Мы сидели, неторопливо болтая обо всём и ни о чём. Я про себя поражался своей легкомысленности. Специфика работы накладывает определённый отпечаток на весь образ жизни. Сотрудникам МВД, особенно оперативных служб, рекомендуется избегать лишних знакомств, ограничить круг общения. А я пригласил домой женщину, которую видел всего два раза и о которой почти ничего не знал. Но я почему-то испытывал к Але доверие, хотя в жизни привык мало кому доверять.
— Мне было пятнадцать лет, когда родители переехали сюда, — вдруг погрустнела Аля. — Отца назначили директором строительного управления. Помню, как мне не хотелось жить здесь. Я плакала. Пару месяцев ходила как в воду опущенная. Мне здесь сразу не понравилось.

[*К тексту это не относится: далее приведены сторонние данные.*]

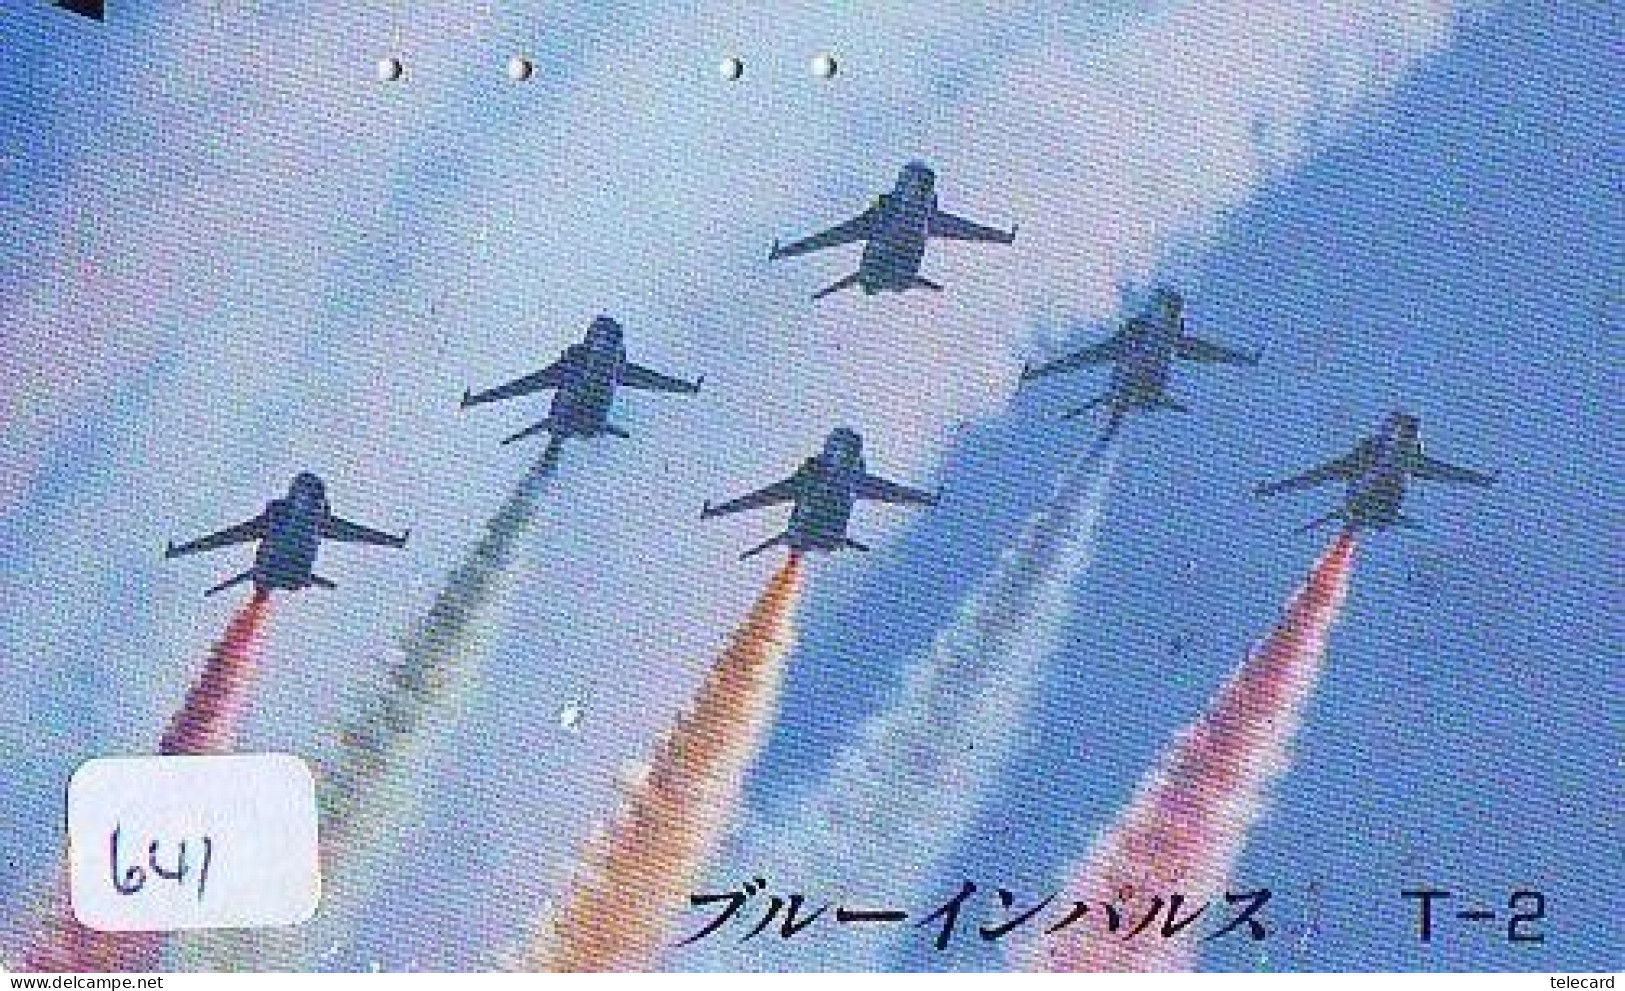 TELECARTE JAPON * MILITAIRY AVION  (641)  Flugzeuge * Airplane * Aeroplano * PHONECARD JAPAN * ARMEE * LEGER VLIEGTUIG - Armada

— Тмутаракань, конечно. Тут с вами трудно не согласиться.
— Дело не в этом. Мы жили раньше в ещё худшей дыре. У меня не было друзей и подруг, разлука с которыми сильно меня огорчила. Просто… просто я сразу почувствовала: тут что-то не в порядке.
— Что вы имеете в виду?
— Вам никогда не приходило в голову, что здесь живёт мутная ЗЛОБА.
— Вы читаете мои мысли. Живёт. Злоба. Мутная. Кому как не мне знать это. Столько самой различной сволочи, сколько здесь, мало где встретишь. Чего греха таить, мне здесь не нравится. Не прикипел я душой к местным просторам.
— Да нет, я не о том. Мне иногда кажется, что под боком существует какая-то чёрная, возможно, осмысленная СИЛА. Именно она наполняет людей ненавистью, собирает обильную кровавую жатву.
— Какой слог, Аля. Он вызывает невольное уважение.
— Напрасно смеётесь, — поджала губки Аля.
— Да не смеюсь я. По-моему, вы всё усложняете. «Тень сатаны лежит на этом краю»… Всё гораздо проще. Я не знаю, что такое вселенское зло. Зато я знаю, что такое зло в конкретном человеке. Я знаю, что это такое — тупые, опухшие от пьянства, позабывавшие все на свете подонки, для которых что кровь, что водица… Знаю, что такое дети алкашей-родителей, не видящие белого света, с младых лет готовые порвать горло кому угодно. Я знаю, что такое наркоши, способные на всё, ради частички своего больного, ублюдочного счастья. Знаю, что такое бес жадности, вынуждающий людей забывать все Христовы заповеди.
— Частности. Всё действительно сложнее. И страшнее…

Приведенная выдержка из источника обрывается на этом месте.